[ppml] Free Market

Paul Vixie paul at vix.com
Sat Aug 25 12:34:49 EDT 2007

> I have a proposal. In an earlier e-mail someone made mention of the word 
> 'oil'. IPv4 addresses are like oil, in that it is a finite resource, and 
> one day... we will run out. The way our economic markets handle this is 
> simple. Increase the price of oil. Allow economic demand to set the 
> price, and as the price of oil increases, other, often environmentally 
> friendlier technologies take hold.

i think we'll be choking on the fumes of the oil we've already burned long
before we can use up the earth's supply, which ought to counterbalance the
price index.  there's a fire burning in greece right now that they just
can't seem to put out, and the iberian peninsula is in a sustained drought,
and arctic ice is melting, and so on.  burning the last drop of oil, at any
price, seems unlikely at this stage.  i mention this only because it's an
absolutely perfect analogy to the real situation with IPv4.

> What if we increased the price of new ipv4 allocations, across the board 
> - and altered the current pricing scheme, such that those with legacy 
> /8s pay what they are truly worth. This would be an incentive for those 
> who have large volumes of unused space just sitting there to get rid of 
> it, but also allow growth and use for those who are willing to pay for 
> it. IPv6 prices, of course, remain forever at rock bottom.

the limitation isn't on address space, it's on routing table size.  using
the last ipv4 address will require that advertisements be much smaller than
they are now, which would mean a routing table much larger than we have now.
so, just as with oil the long term problem is carbon not supply, with IP
the long term problem is routing not supply.

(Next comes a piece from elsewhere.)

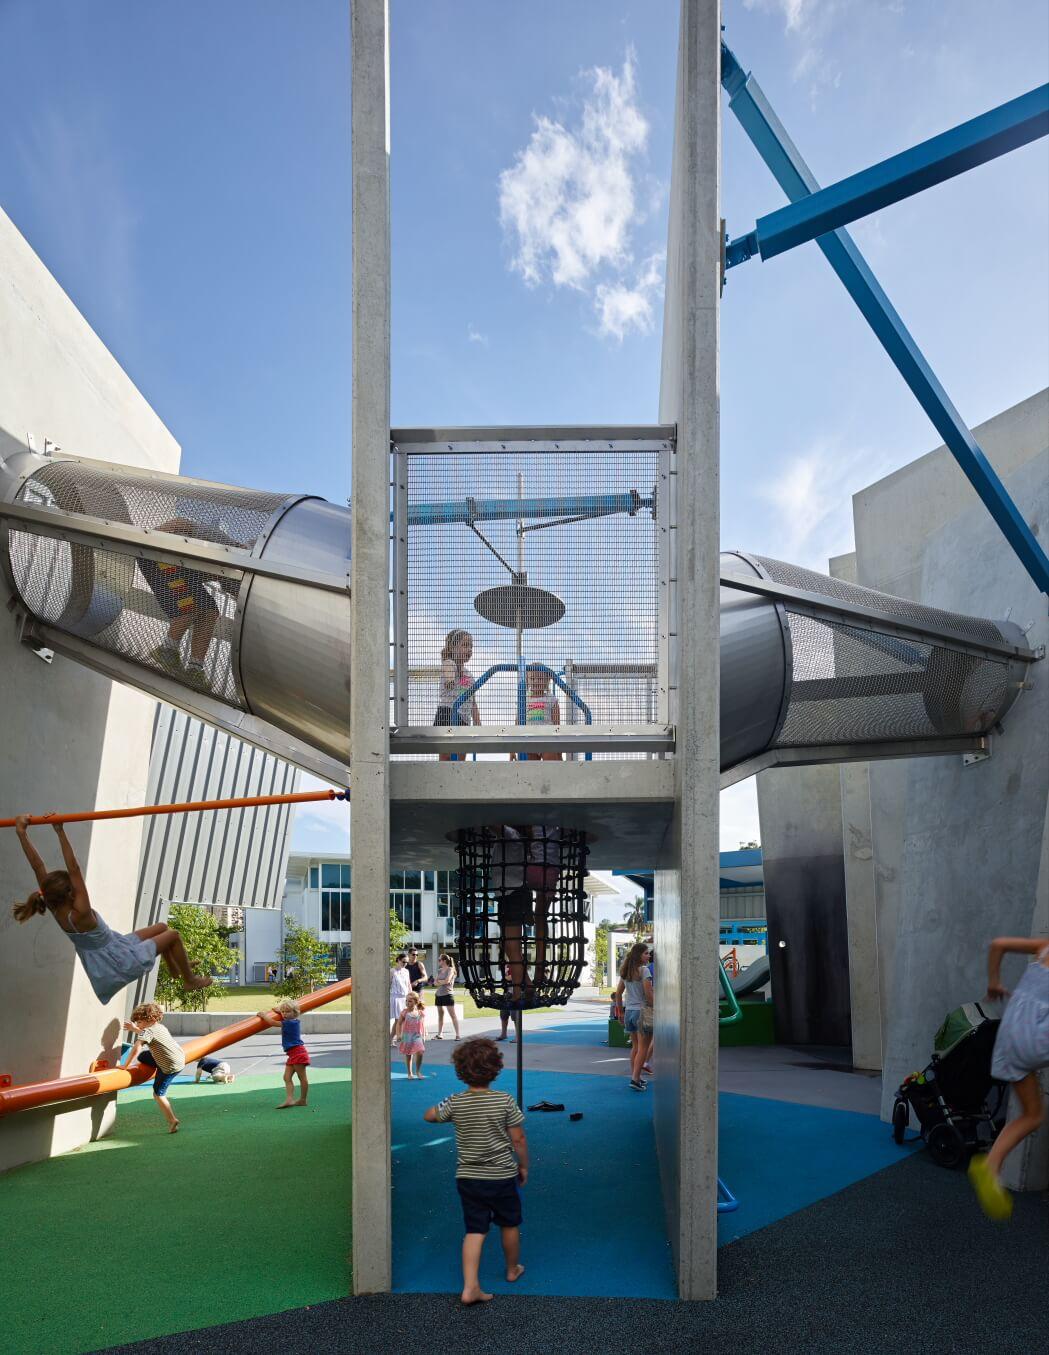 Frew-park-arena-playground-guymer-bailey-10.JPG

> If you inserted economics into it - you might see some large blocks being
> returned. I know of one ISP here in Lexington that has 130,000 legacy IPv4
> addresses. They use... maybe 2000. In fact, if Arin were to turn down a
> request for me - they'd be my first stop. I'd buy a t-1, with a /19
> attached. I can't use the T-1 of bandwidth - but I'd certainly advertize
> the space out my Gig-E or OC12 links. That is an example of what some of
> us have to do to get additional IPv4 space in a hurry.

how many /16's can be carved up into /19's before the global routing table
exceeds the size of routers that other networks can afford?  and if we get
to that point, will it make sense to add another /19, no matter where you
can get it from or at what price, given that it won't be globally reachable?

> I know starting up, we had to get our address space from upstreams. When 
> we'd cancel an upstream... .renumbering time! Now that we have ARIN 
> space, we don't have to do that - but if ARIN can't assign it - I'll 
> certainly 'buy' it from someone else using the method detailed above. 
> Paying monthly for "bandwidth" but actually for IP space.

so, provider-assigned (PA) has a provably bad short term economic model (it
functions as a price lock due to its renumbering penalty), whereas provider-
independent (PI) has a provably bad long term economic model (it blows out
the routing table).  which bad economic models would ARIN's community like
to pursue?

> So, one way or another when IPv4 becomes scares, restricted or 
> unavailable, the market will handle it.

by moving the problem from "us" to "our grandchildren".  just like with oil.

> Why not shift the burden now onto those who hold all those massive
> allocations, and use ARIN to regulate the price of IP space.

that's actually an unrelated topic.  nobody anywhere has the authority to
impose revocation terms or prices on pre-RIR allocations, and that's where
the majority of IPv4 space still is.